Data Mining/ ML Methods Flashcards
Discuss the general approach to classification
Classification is when you want to assign an item to a specific category based on various conditions. Generally find location of items that need classification, compare it to items close by, and then assign group. Also used for object detection spam cancer etc method is called K nearest neighbors.
Clustering
Groupings are unknown, and analyst wants to determine if object belongs to any group. Clustering is unsupervised learning and data set is unlabeled.
Bayes Theorem
Given the hypothesis and the observed data, this theorem is the probability of observing data. Basically the probability of getting the data that you found.
Naive Bayes
Estimates the conditional probability of an outcome. Naive Bayes is an algorithm that applies to Bayes theorem. Naive Bayes classifier is a ml model used to classify the object based on different features.
PCA principal component analysis
This is an attempt to find out if variables themselves group in any meaningful way.
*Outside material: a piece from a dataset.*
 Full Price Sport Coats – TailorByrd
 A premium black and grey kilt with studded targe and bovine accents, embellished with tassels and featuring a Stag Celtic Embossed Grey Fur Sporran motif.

This is a data reduction method used to reduce dimensionality of large data sets. This is done by transforming large set of variables into smaller ones that still contains most of the information in the large set.
Dimensionality reduction
Reduces the number of variables and the amount of data. PCA is a technique for this
Data reduction
Reducing volume of data in storage or in database. Goal is or optimize storage capacity.
Hierarchal clustering
Algorithm that groups similar objects into groups that are called clusters.
Anomaly detection
Identify rare items. Can be used to detect fraud. Using R or tableau with s local outlier factor or Alfa function
Neural networks
Algorithm that mimics the operation of human brain to recognize relationships in data sets.
Deep learning
Type of neural network capable of performing text classification. Also type of recurrent neural network RNN that works best on sequential data.
Decision Trees
Tree like model of alternative decisions and the consequences. It is a sequence of binary decisions based on your data that can combine to predict an outcome by branching out from one decision to the next.
Optimization Analysis
Finding the best value for one or more target variables given certain constraints. Showing what value a variable should have given certain conditions or restraints
Supervised model versus unsupervised
Supervised is an ml algorithm that has a labelled data set. Such as classification or regression
Unsupervised is unlabeled data that an ml algorithm tries to find patterns. This would be clustering anomaly detection or a neural network.